B6;129S4-Pou5f1^tm2Jae/J

Stock number: 008214
Product name: Oct4-GFP
Research areas: Research Tools

Description

Mice homozygous for this Oct4-EGFP mutation harbor an IRES-EGFP fusion cassette downstream of the stop codon of the Oct4 (Pou5f1) gene. These mutant mice may be useful for the selection of induced pluripotent stem (iPS) cells, or more generally for fluorescent labeling of embryonic stem cells.

Detailed description

Mice homozygous for this Oct4-EGFP mutation are viable and fertile. They harbor an IRES-EGFP fusion cassette downstream of the stop codon of the Oct4 (Pou5f1) gene. When treated with specific transcription factors (Oct4, Sox2, c-Myc and Klf4), some Oct4-EGFP murine embryonic fibroblasts (MEFs) have the properties of induced pluripotent stem (iPS) cells. Such iPS cells have the DNA methylation, gene expression and chromatin state of embryonic stem cells and can form viable chimeras, contribute to the germ line, and generate live late-term embryos when injected into tetraploid blastocysts. These Oct4-EGFP mutant mice may be useful for fluorescent labeling of embryonic stem cells, as well as for the selection of iPS cells (i.e. epigenetic reprogramming of somatic cells into pluripotent embryonic stem cells).
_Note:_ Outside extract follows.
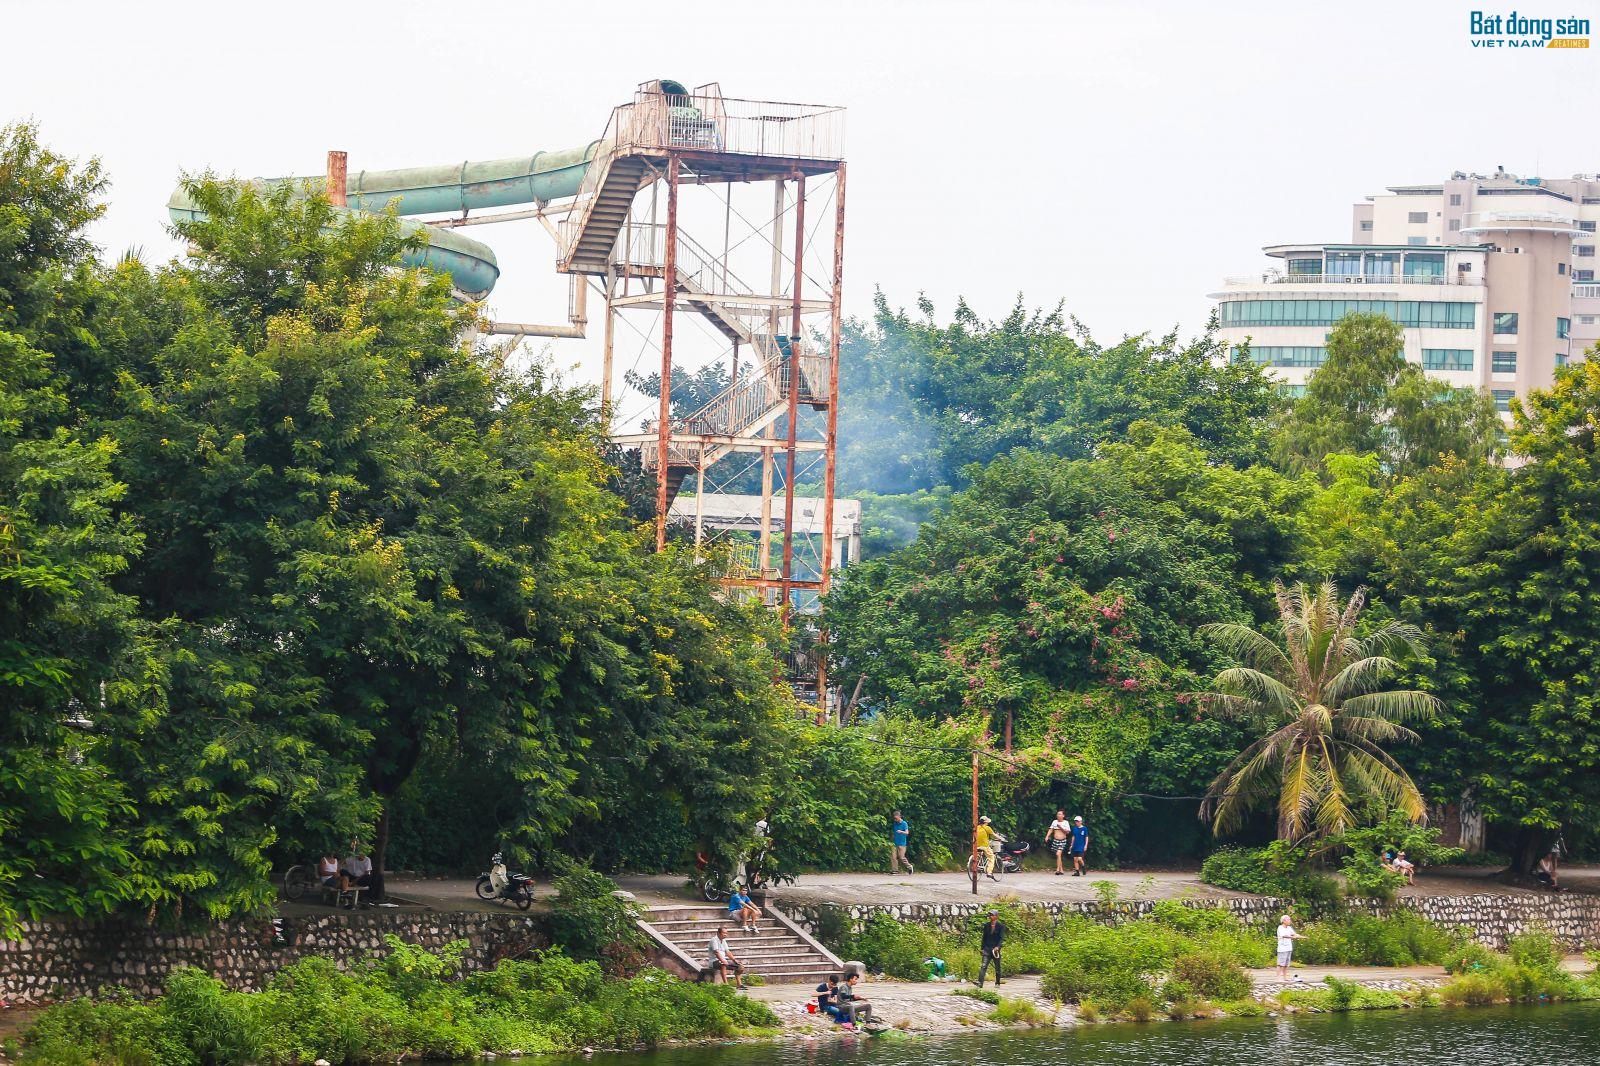 Công viên Tuổi trẻ Thủ đô hoang tàn, bị “xẻ thịt” để kinh doanh
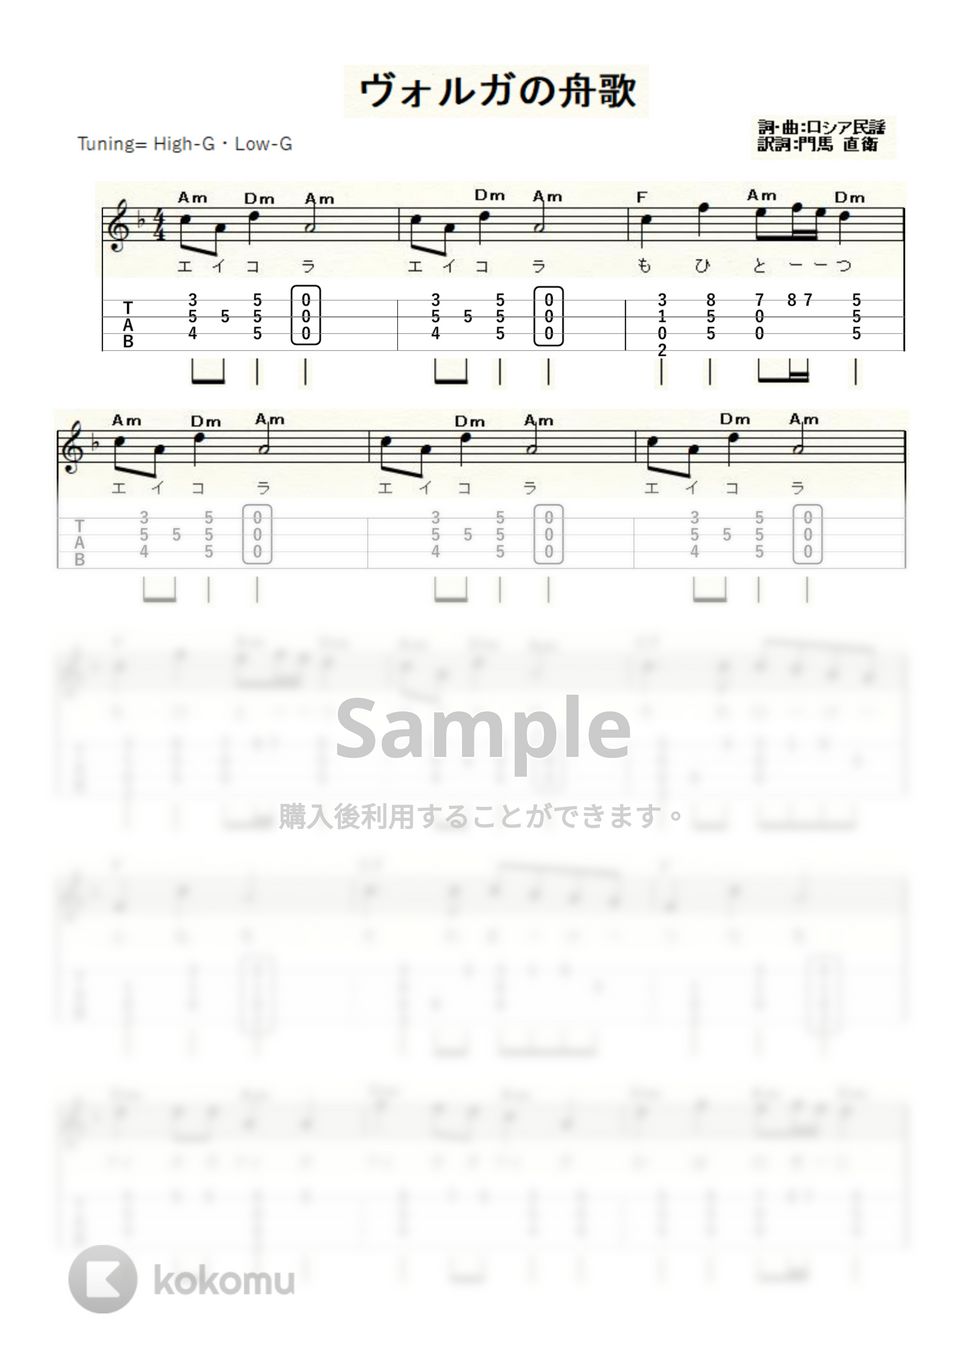 ヴォルガの舟歌 (ｳｸﾚﾚｿﾛ / High-G・Low-G / 初級～中級) by ukulelepapa

Of note, these Oct4-EGFP mutant mice may also be used in conjunction with Oct4-neo mice (Stock No. 008204); a similar mutant strain bearing a neo selection cassette in the Oct4 locus.

Development

A targeting vector was designed to insert an "IRES-EGFP-floxed NEO" cassette (containing an internal ribosomal entry site (IRES), enhanced green fluorescent protein (EGFP) sequence, and a loxP-flanked neo) between the stop codon and endogenous polyA signal of the targeted gene. This construct was electroporated into (C57BL/6 x 129S4Sv/Jae)F1-derived V6.5 embryonic stem (ES) cells. Correctly targeted ES cells were transiently transfected with a cre expressing plasmid to remove the neo selection cassette. Chimeric mice were established. The resulting Oct4-EGFP mutant mice were maintained on a mixed B6;129S4 genetic background prior to arrival at The Jackson Laboratory.

Allele

Symbol: Pou5f1^tm2Jae
Name: targeted mutation 2, Rudolf Jaenisch
MGI accession ID: MGI:3772191
Generation method: Targeted
Attributes: Reporter
Synonyms: Oct4-EGFP; Oct4-GFP; Oct4-iresGFP; Oct4-IRES-GFP; Pou5f1^tm2(EGFP)Jae
Marker symbol: Pou5f1
Marker name: POU domain, class 5, transcription factor 1
Marker synonyms: OCT3; Oct-3; Oct3/4; Oct-3/4; OCT4; Oct-4; OCT4PG1; OCT4-PG1; Otf3; OTF-3; OTF3C; Otf3g; OTF3P1; Otf3-rs7; Otf4; Otf-4; POU5F1P1; POU5F1P4; POU5FLC20; POU5FLC8
Chromosome: 17
Strain of origin: (C57BL/6 x 129S4/SvJae)F1
Expressed genes: GFP,Green Fluorescent Protein,
Site of expression: Embryonic stem cells express EGFP.
Molecular note: A targeting vector was designed to insert an "IRES-EGFP-floxed NEO" cassette (containing an internal ribosomal entry site (IRES), enhanced green fluorescent protein (EGFP) sequence, and a loxP-flanked neo) between the stop codon and endogenous polyA signal of the targeted gene. This construct was electroporated into (C57BL/6 x 129S4Sv/Jae)F1-derived V6.5 embryonic stem (ES) cells. Correctly targeted ES cells were transiently transfected with a cre expressing plasmid to remove the neo selection cassette.
General note: When treated with specific transcription factors (Oct4, Sox2, c-Myc and Klf4), some Oct4-EGFP murine embryonic fibroblasts (MEFs) have the properties of induced pluripotent stem (iPS) cells. Such iPS cells have the DNA methylation, gene expression and chromatin state of embryonic stem cells and can form viable chimeras, contribute to the germ line, and generate live late-term embryos when injected into tetraploid blastocysts.